Prediction: In 10 years you’ll be glad you bought these winners

Prediction: In 10 years you’ll be glad you bought these winners

3 minutes, 28 seconds Read

Ten years sounds like an eternity, until suddenly it doesn’t anymore. A decade lens helps you ignore noise and focus on what drives wealth: steady demand, pricing power, and leaders who reinvest cash wisely. It also forces patience, something most investors lack. You can get through a recession, an interest rate cycle, and some nasty surprises in a decade, but only if you have a business that keeps improving while you wait. So let’s take a look at some Canadian stocks that are doing just that.

C.P

Canadian Pacific Kansas City (TSX:CP) seems relevant now as trade routes across North America continue to shift and rail still moves heavy freight cheaply. CP operates a network connecting Canada, the US and Mexico, giving it a rare single-company corridor for cross-border shipments. Canadian stocks haven’t felt stable lately, with prices down about 15% over the past year. Such a decline could deter merchants even as the network continues to gain density and efficiency.

Recent results show that progress has been made in implementation. In the third quarter of 2025, CP generated total revenue of $3.7 billion and grew diluted earnings per share (EPS) to $1.01, while core adjusted earnings per share (EPS) reached $1.10. It also improved efficiency, with a core-adjusted operating ratio of 60.7%. It currently trades at about 21.4 times forward earnings, and 19 times forward earnings. If manufacturing routes between Mexico and the US continue to expand, CP could benefit, but freight recessions, labor disputes and border friction, or weaker industrial demand could reduce pricing power.

CSU

Constellation software (TSX:CSU) matters now because it often thrives when the markets feel cluttered. CSU buys niche, mission-critical software companies and then runs them all with a decentralized playbook for the long term. The Canadian stock has taken a beating lately since longtime CEO and founder Mark Leonard stepped down. Today, Canadian stocks are down about 22% year to date, and 44% over the past year. That kind of decline feels terrible right now, but it could still create opportunities if fundamentals continue to improve and management maintains discipline.

The fundamentals still look vibrant. In the third quarter of 2025, CSU’s revenue grew 16% year over year to $3 billion and net income attributable to common shareholders increased to $210 million, or $9.89 per diluted share. It also reported free cash flow available to shareholders of $529 million, up 46% from a year earlier. Today it trades at about 58 times earnings, and 17 times forward earnings. That gap suggests future earnings growth, but CSU could stumble if it overpays for acquisitions or if deal competition increases. Still, today’s investors can get a solid deal if Canadian stocks recover.

BEP

Brookfield Renewable Partners (TSX:BEP.UN) seems timely as energy demand continues to rise and electrification continues to spread to transportation and data centers. BEP.UN owns and operates sustainable assets, with hydropower as a key anchor, and also develops new projects. The unit price has grown in line with interest rates, but at the time of writing the shares are already up 5% this year and 27% last year. When prices move quickly, this Canadian stock can feel like a yo-yo, so you need a long horizon and a clear thesis.

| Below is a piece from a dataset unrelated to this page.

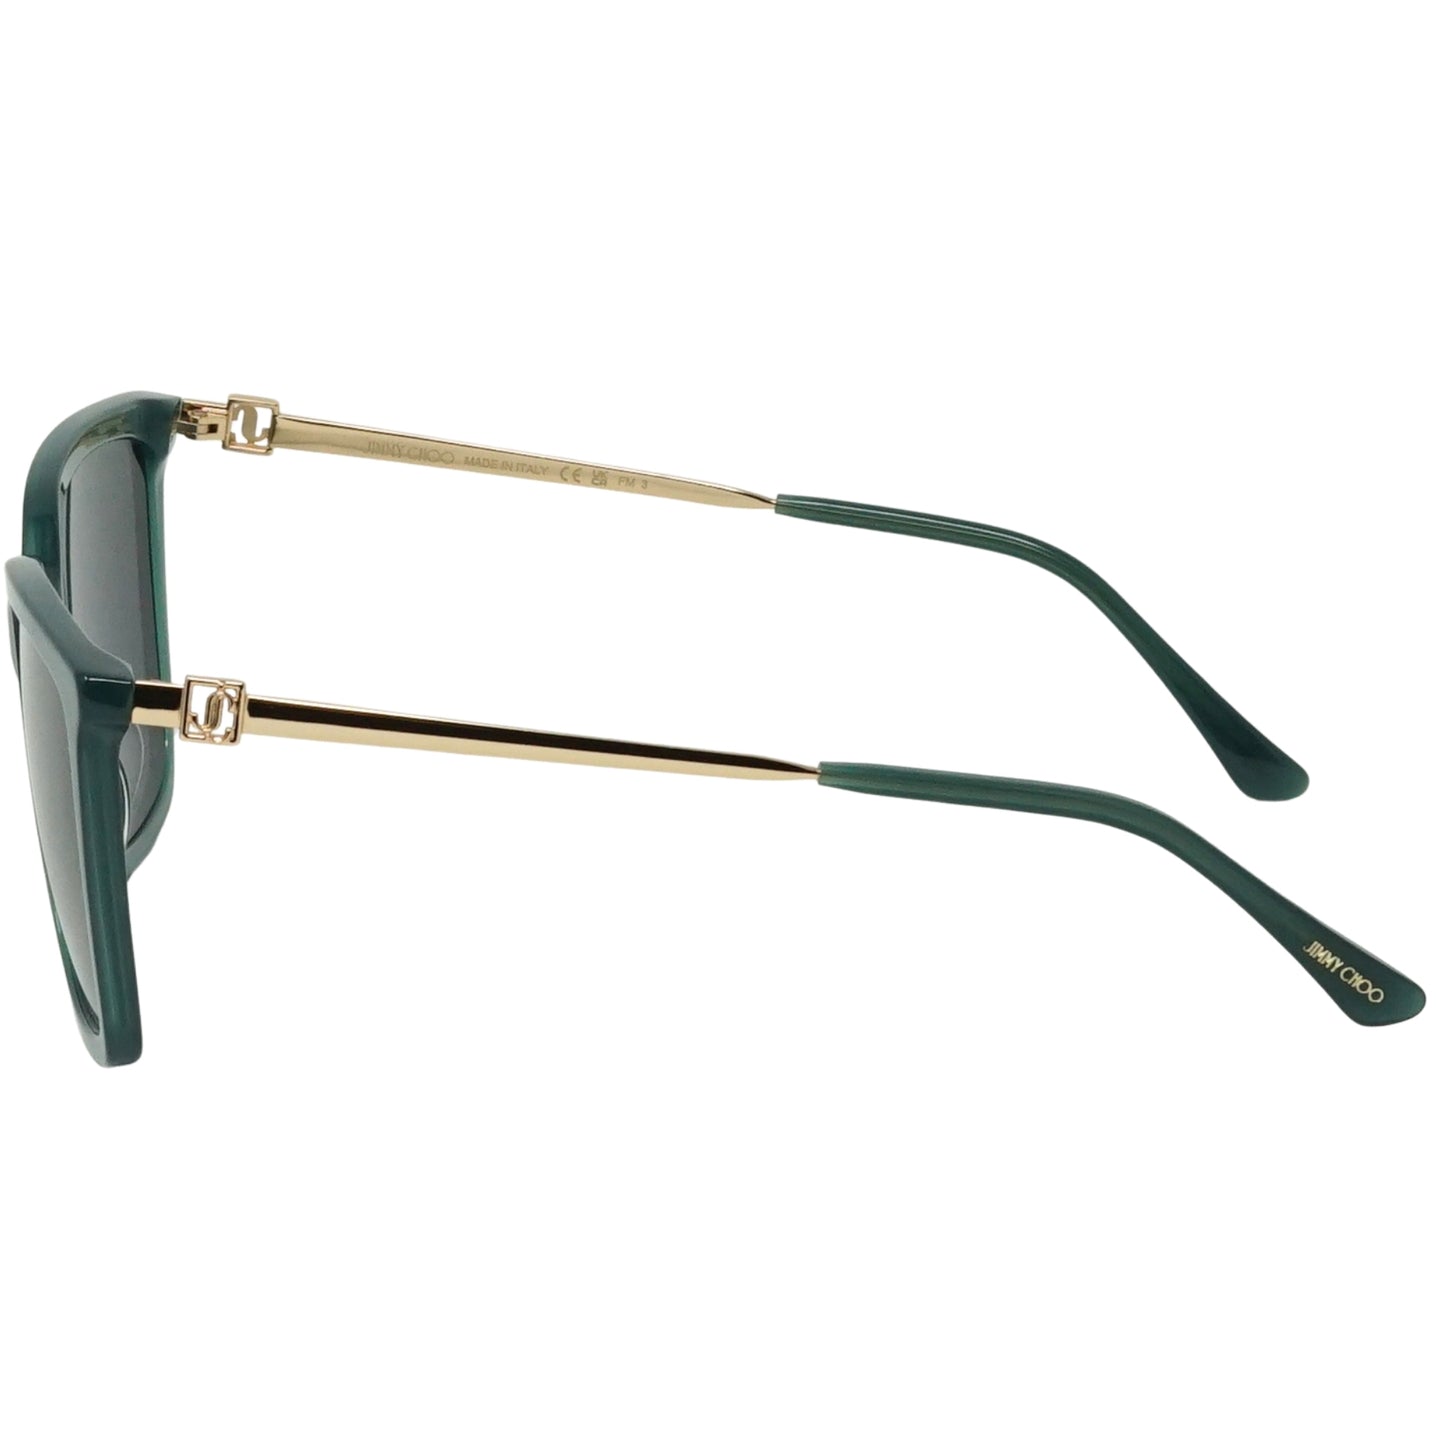 Jimmy Choo Totta/G/S 1ED Green Sunglasses
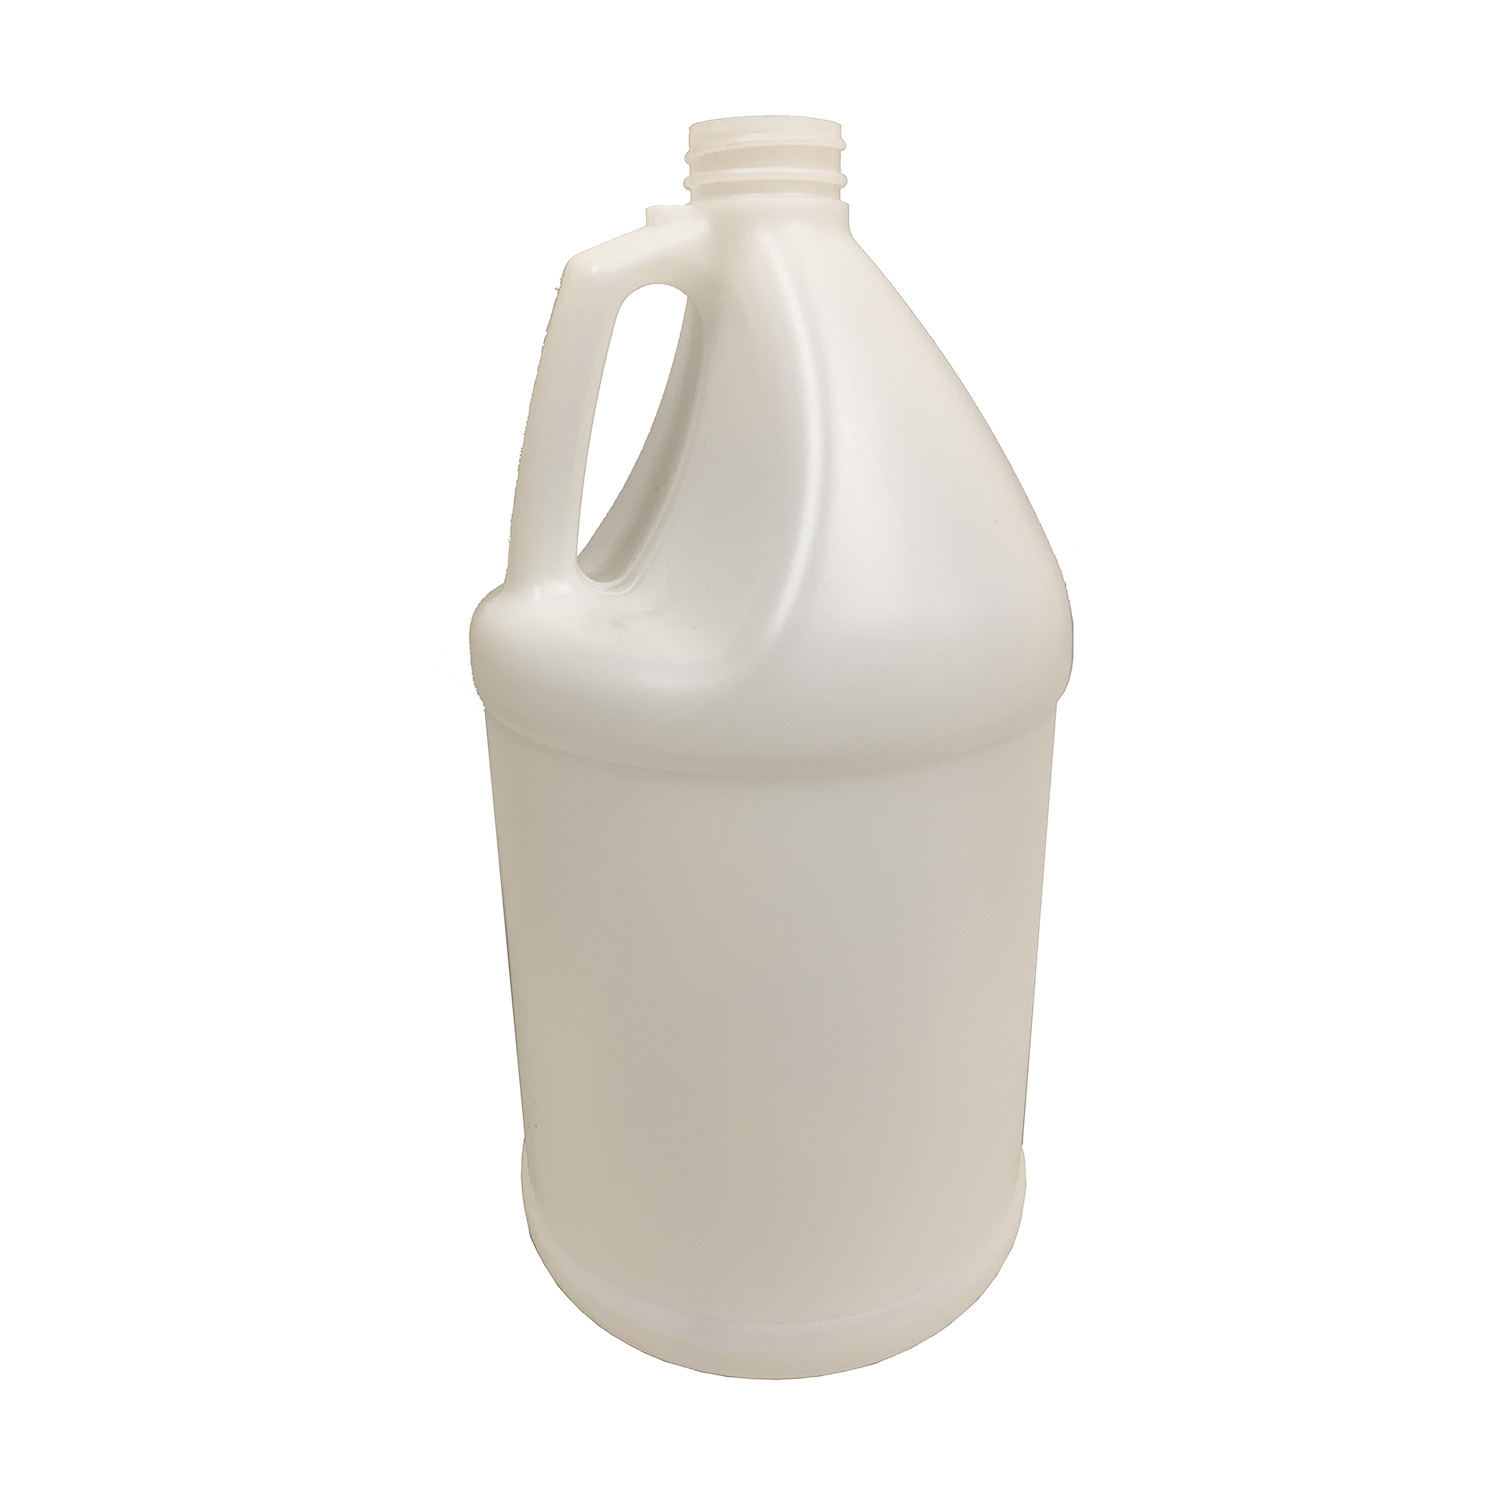 1 gallon industrial round plastic bottles for sale in bulk

The cash picture remains the real story. In the third quarter of 2025, Brookfield Renewable reported funds from operations (FFO) of $302 million, or $0.46 per unit, up 10% year over year. Accounting income can fluctuate, so investors often lean on FFO and distributions instead. Fund data shows an annual dividend of about $2.04 per unit, a yield of about 5.2%, which helps while you wait. Future benefit could come from project completion and better financing conditions, while drought, permitting delays and debt burdens could pinch.

In short

If you want a 2036-friendly mix, these three Canadian stocks cover a lot of ground without forcing you to chase the next shiny thing. CP can expand thanks to route density and ruthless efficiency. CSU can keep buying small software money machines and turning them into bigger ones. BEP.UN can drive the long runway for clean energy and grid upgrades while paying you to wait. None of this guarantees wins, and you should expect awkward stretches, but patient owners often deserve the reward.